Note: Between the two, the red hanging man is usually considered a stronger signal for a possible trend reversal.

Characteristics of the Hanging Man Pattern

To recognise a hanging man candle, you don’t need fancy tools — just a keen eye and some context. Here’s what it usually looks like:

  • Small real body – The body (the solid part of the candle) is small, sitting near the top of the price range.

  • Long lower shadow – The lower wick is much longer — at least twice the size of the body — showing sellers tried to push the price down hard.

  • Little or no upper shadow – The top wick is short or completely missing.

  • Appears after an uptrend – You’ll mostly see this at the end of an upward move, signalling that momentum could be fading.

When you see a hanging man, imagine a tug-of-war — buyers still standing, but exhausted, while sellers are gaining strength.

How to Identify the Hanging Man Pattern in Charts

Alright, so how do you actually spot it on a chart? Let’s break it down step by step.

1. The body

Look for a candle with a small body near the top of its price range. It shows indecision — buyers tried, sellers pushed back, and neither side completely won.

2. The upper wick

In a hanging man, the upper wick is either tiny or absent. This tells you there wasn’t much buying pressure near the high — the market hit a ceiling.

3. The lower wick

This is the key part. The lower wick is long, sometimes twice or more the size of the body. It shows that sellers managed to drag prices down sharply during the session before buyers tried to recover.
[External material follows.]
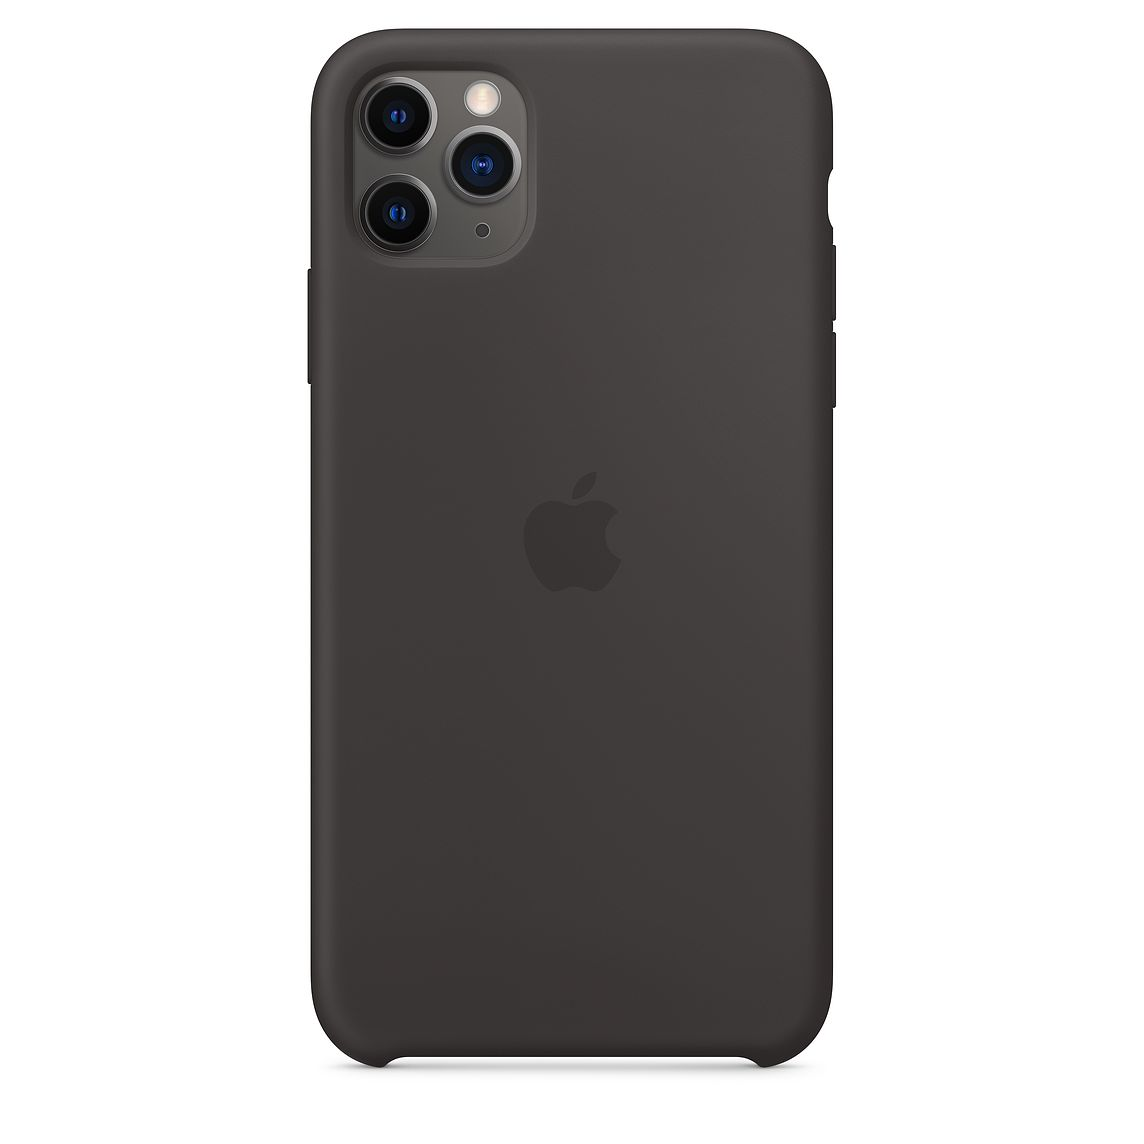 Silicone Case iPhone 11 Pro/ Pro Max Black OEM

If you notice this pattern forming after an uptrend, it’s often a sign that the bullish mood might be cooling off.

Significance of the Hanging Man Candlestick Pattern

In simpler terms, the hanging man is a bearish reversal signal. It shows that after a strong rally, the buyers are possibly running out of steam, and the sellers are starting to become involved.
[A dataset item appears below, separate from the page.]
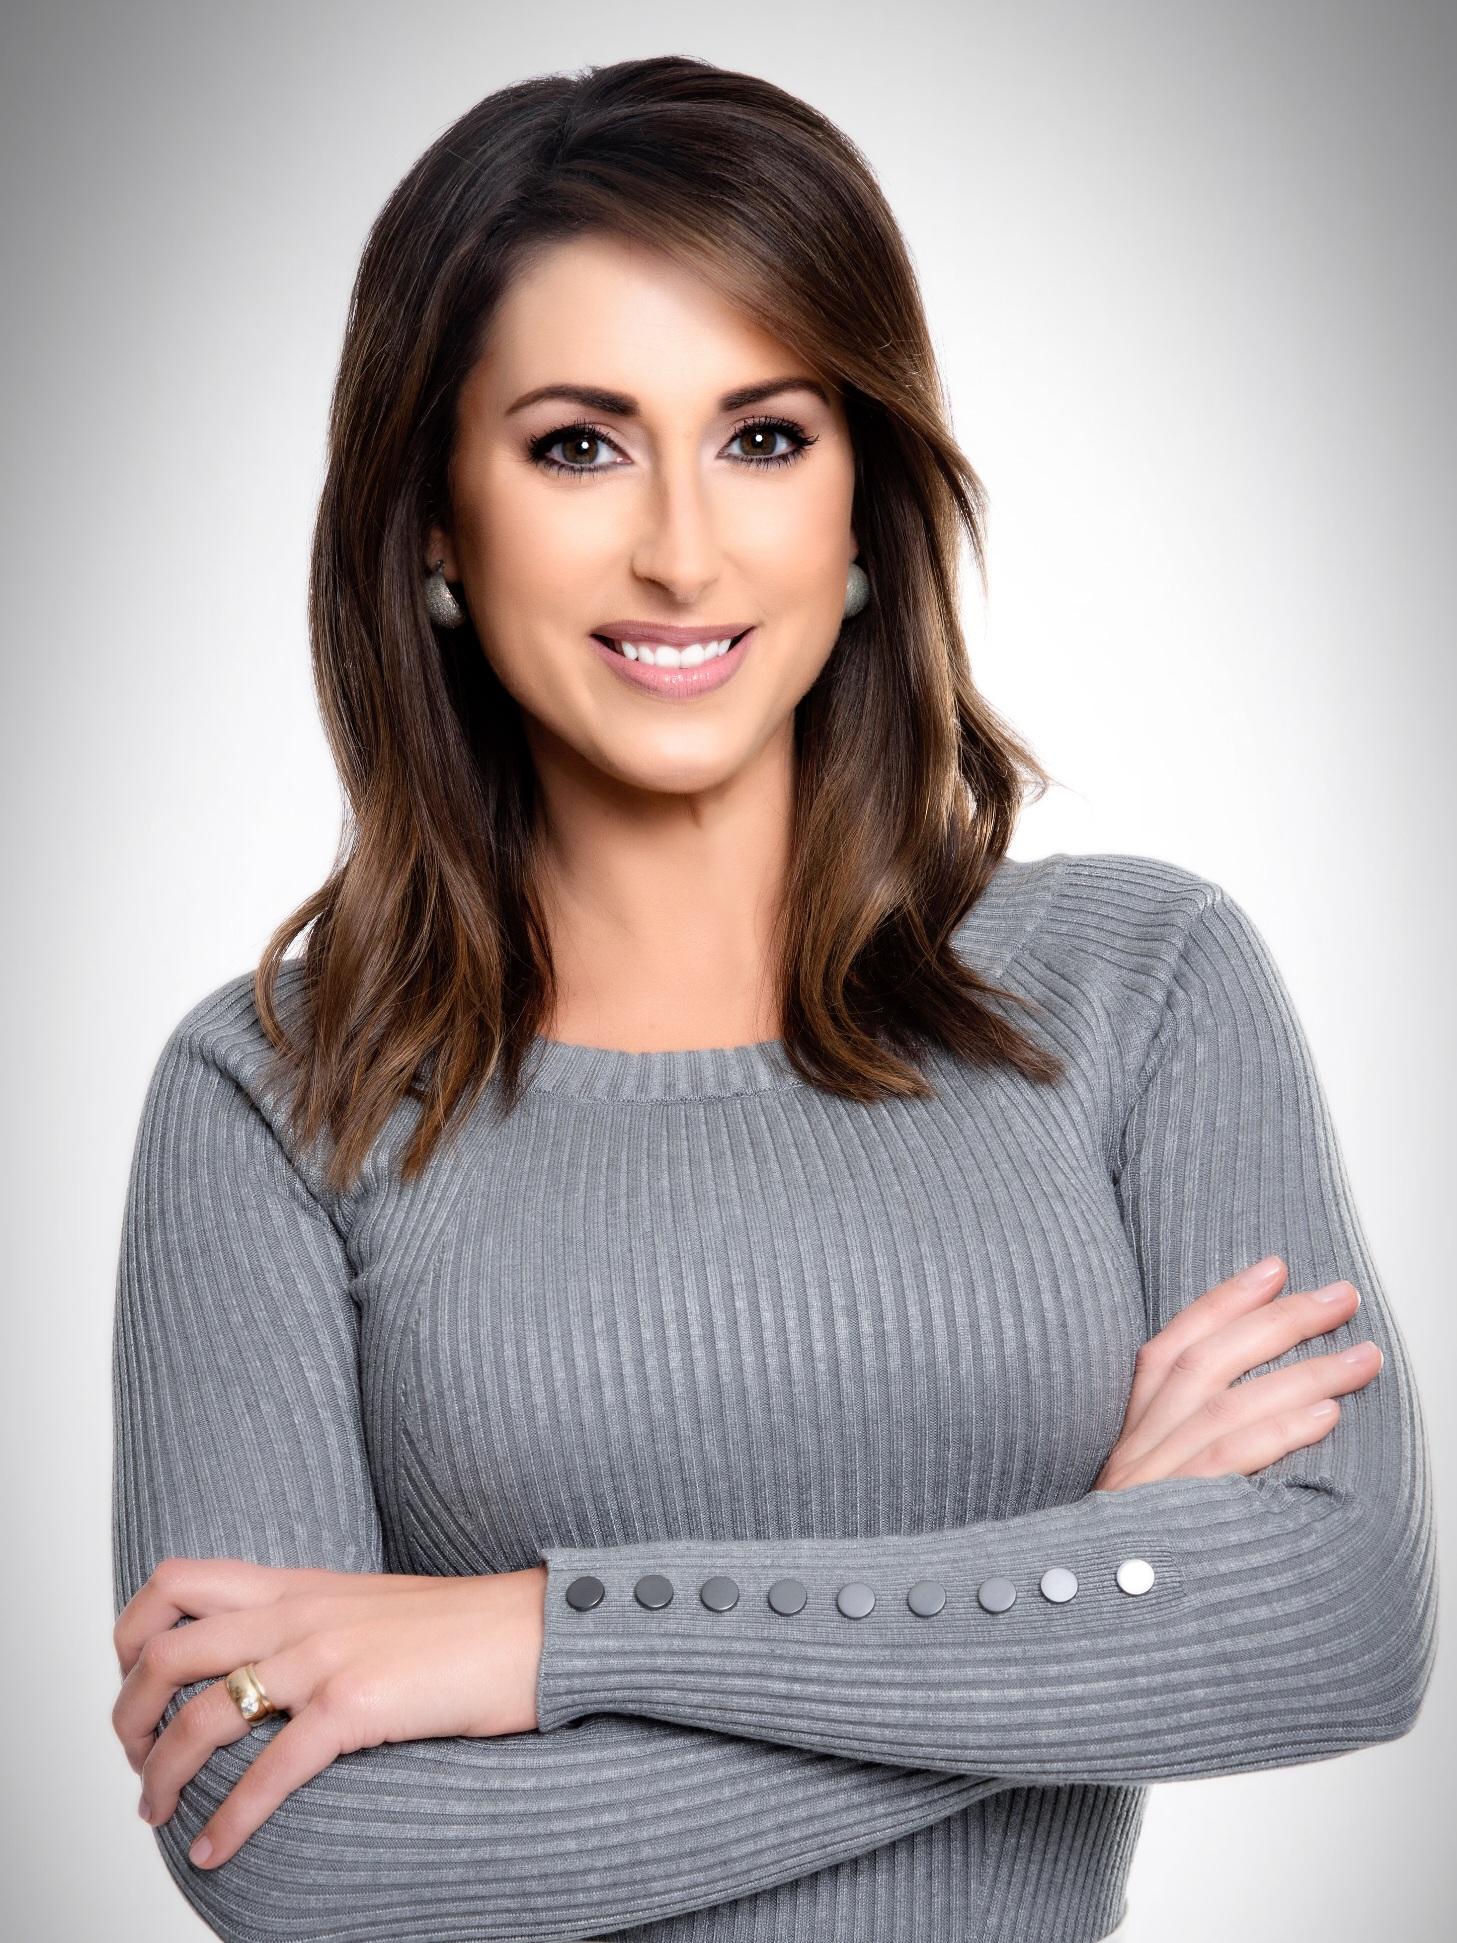 Brooke Martin - EDGE|X Fireside Chat ModeratorWISH-TV Anchor & Reporter

This indicator is important for a few reasons:

  • Potential Reversal: The hanging man usually develops near the top of an uptrend, indicating the possibility of a trend reversal.

  • Short Positions: Many traders will use it in anticipation of a potential short trade, especially when the next candle follows in a downward direction.

  • Buyer Be Cautious: If you are in a long position - this is a gentle reminder to stay alert. The market will not continue to rise forever, and it may be time to tighten your stop losses or even take partial profits.

Pro Tip: The hanging man works well alongside other indicators - volume, RSI, moving averages, etc. No bullish or bearish candle can predict the future by itself, but if you pay attention to it, it can be helpful.

Trading Strategies Using the Hanging Man Candlestick Pattern

So, how do you trade with the hanging man pattern? Here are some suggestions to include the hanging man pattern in your plan. 

  • Finding the entry window: After spotting a hanging man after a rally, typically you wait for confirmation, usually a red candle the next day. If there is a red candle, often traders will open shorts once the price moves below its body. 

  • Understanding stop-loss points: No trade is complete without a stop-loss. There is a simple rule: put your stop-loss above the high of the hanging man candle. If the price rallies above it, it indicates the uptrend still has life and can exit the trade safely. 

  • Targeting profits: Set a predefined risk-to-reward ratio that aligns with your trading plan to determine profit targets. This ratio helps maintain consistency in managing gains relative to potential losses. Once the price moves in your favour, you may continue adjusting the stop-loss level to lock in profits as the trend progresses, ensuring disciplined trade management. 

Pros and Cons of the Hanging Man Candlestick Pattern

Like all indicators in trading, the hanging man pattern has its advantages and disadvantages. Understanding both sides will help you understand the most effective use. 

Pros of the hanging man candlestick pattern 

  • Easy to recognise - Even a novice trader could pick this out. It is nice and visually clear on charts in its small body alongside the elongated wick, easily identifiable. 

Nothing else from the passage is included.